Salah satu poin krusial yang disoroti adalah kesalahan penulisan identitas korban. Dalam Berita Acara Pemeriksaan (BAP) di Kepolisian, nama korban tercatat sebagai Nirmala Dewi, sementara dalam surat dakwaan JPU tertulis Nurmala Sari.
“Kesalahan identitas ini sangat fatal karena menyebabkan ketidakjelasan siapa sebenarnya korban dalam perkara ini. Hal ini berdampak pada tidak terpenuhinya unsur tindak pidana serta menjadikan objek perkara menjadi kabur,” ujar tim penasihat hukum.
Kuasa hukum menegaskan bahwa kondisi tersebut melanggar ketentuan sebagaimana diatur dalam Pasal 143 ayat (2) huruf b KUHAP, yang mengharuskan dakwaan disusun secara cermat, jelas, dan lengkap. Dengan demikian, mereka berpendapat bahwa dakwaan tersebut batal demi hukum sesuai ketentuan Pasal 143 ayat (3) KUHAP.
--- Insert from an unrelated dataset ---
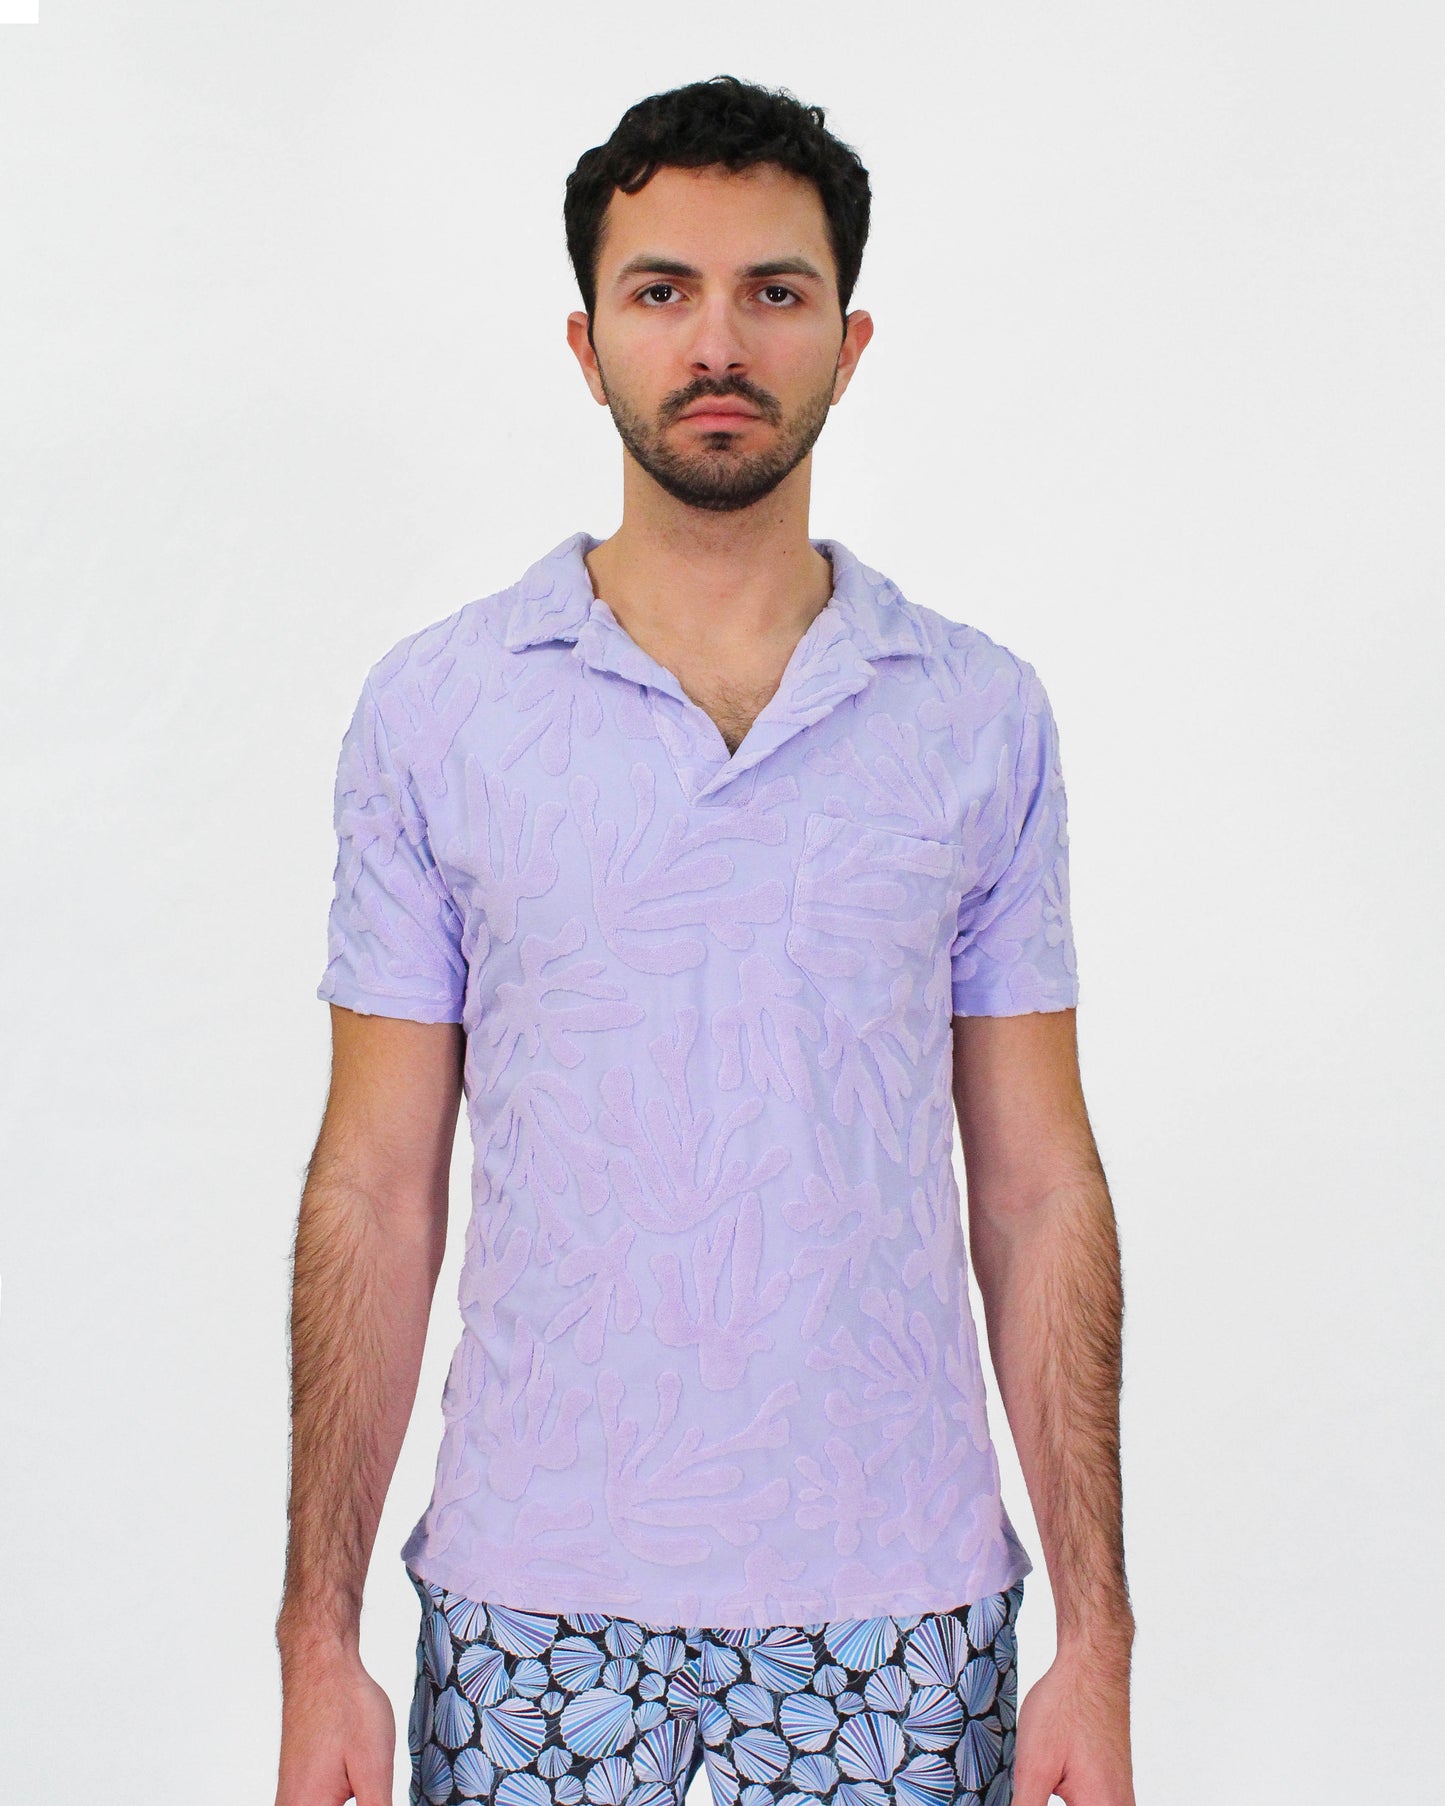 JOHNNY CORAL TOWEL POLO SHIRT IN LAVENDER

Dipertanyakan: Suami Dijerat Pencurian terhadap Istri Sendiri
Selain itu, tim kuasa hukum juga mempertanyakan dasar penerapan pasal pencurian dalam perkara ini. Pasalnya, objek yang dipermasalahkan merupakan milik istri sah terdakwa, dan digunakan dalam konteks hubungan rumah tangga.
Fakta lain yang terungkap dalam BAP juga menunjukkan bahwa komunikasi antara ES dan istrinya masih berlangsung, termasuk interaksi personal sebagai pasangan suami-istri. Hal ini semakin menguatkan argumentasi bahwa perkara tersebut tidak berdiri dalam konteks tindak pidana pencurian sebagaimana didakwakan.
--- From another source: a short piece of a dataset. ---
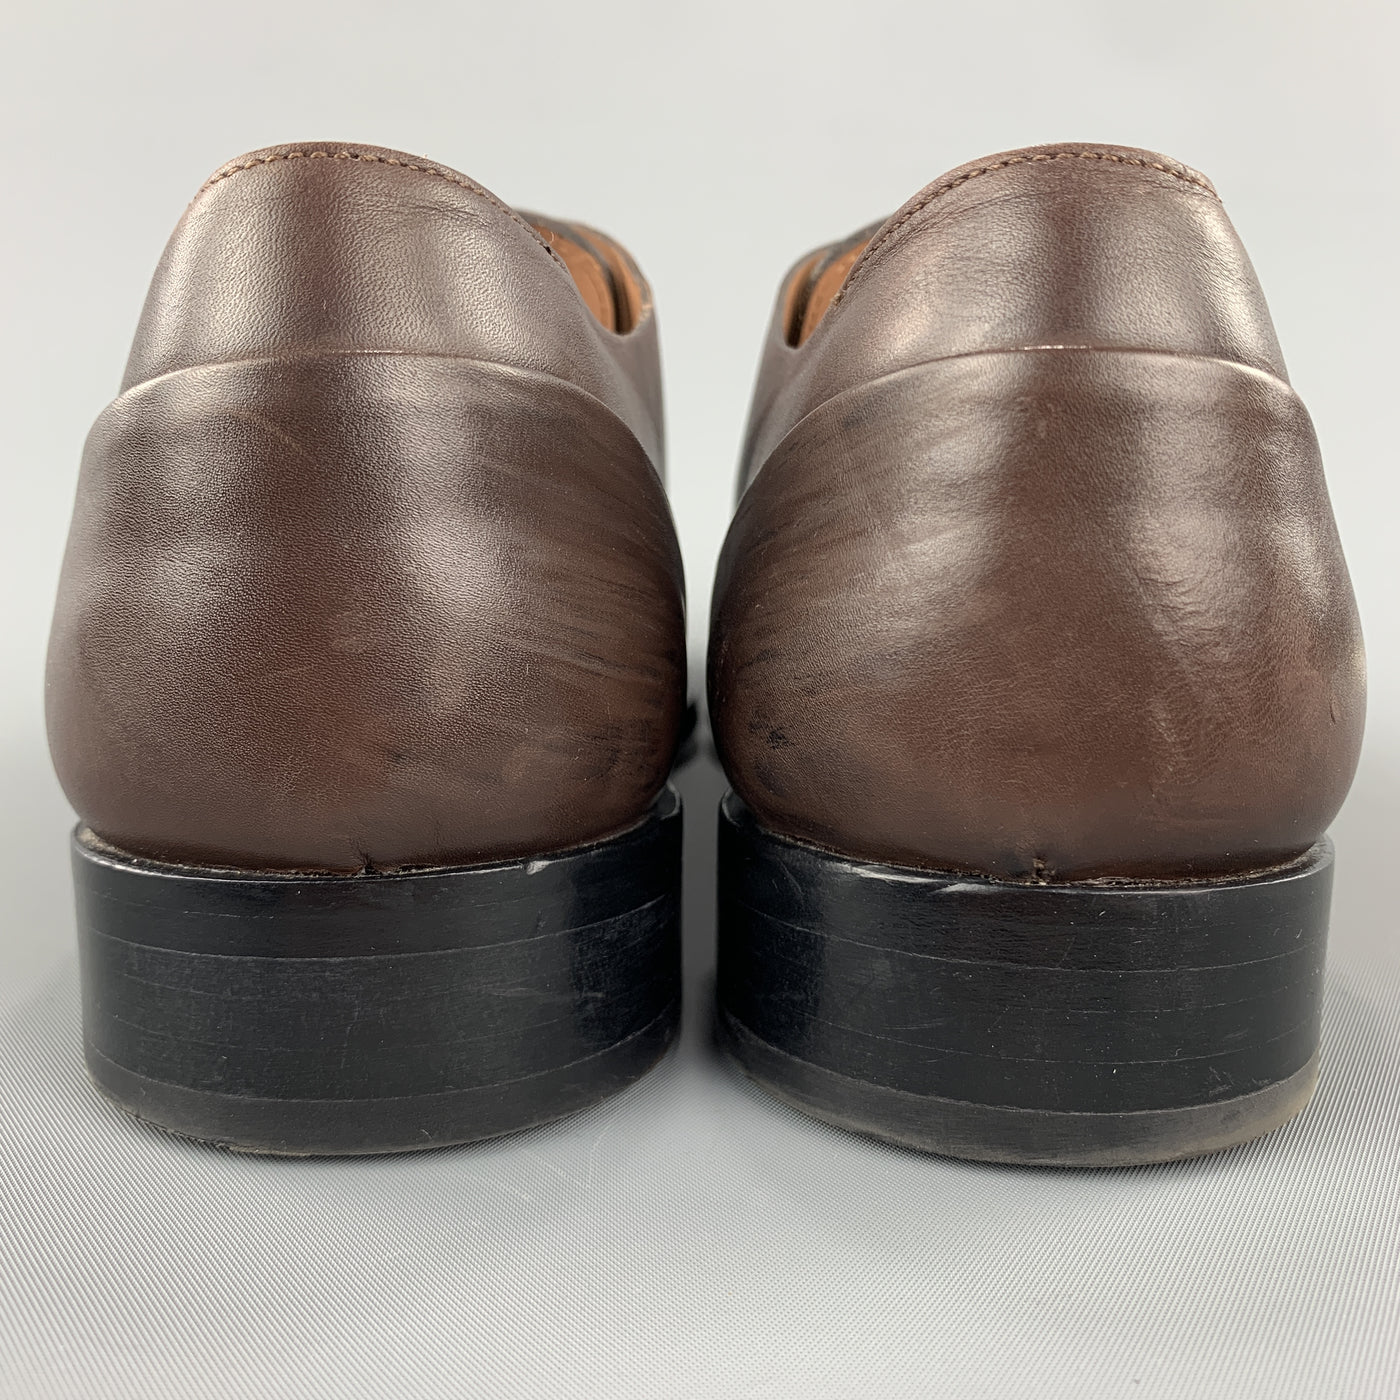 PAUL SMITH Size 9 Solid Brown Leather Lace Up Shoes

“Jika kondisi seperti ini dianggap sebagai tindak pidana, maka tidak menutup kemungkinan akan banyak suami yang berpotensi dikriminalisasi dalam rumah tangganya sendiri,” tambah kuasa hukum.
Ketidakjelasan Kepemilikan Barang Bukti
Advokat Anita Raj Punjabi juga menyoroti bahwa dalam surat dakwaan, Jaksa Penuntut Umum dinilai tidak dapat menguraikan secara jelas mengenai kepemilikan sepeda motor yang dijadikan barang bukti dalam perkara tersebut.
Menurutnya, ketidakjelasan ini semakin memperkuat bahwa dakwaan tidak disusun secara cermat dan berpotensi menimbulkan ketidakpastian hukum.
Harapan kepada Majelis Hakim
Tim penasihat hukum berharap agar Majelis Hakim dapat mempertimbangkan secara objektif seluruh keberatan yang telah diajukan, serta mengabulkan eksepsi tersebut.
“Kami berharap Majelis Hakim dapat menyatakan dakwaan batal demi hukum dan membebaskan terdakwa dari segala tuntutan,” tutup kuasa hukum
Kasus ini memantik perhatian publik dan menimbulkan pertanyaan besar:
Apakah persoalan rumah tangga bisa berujung pada kriminalisasi seperti ini?
Masyarakat kini menunggu putusan hakim, yang diharapkan mampu memberikan keadilan serta kepastian hukum bagi semua pihak.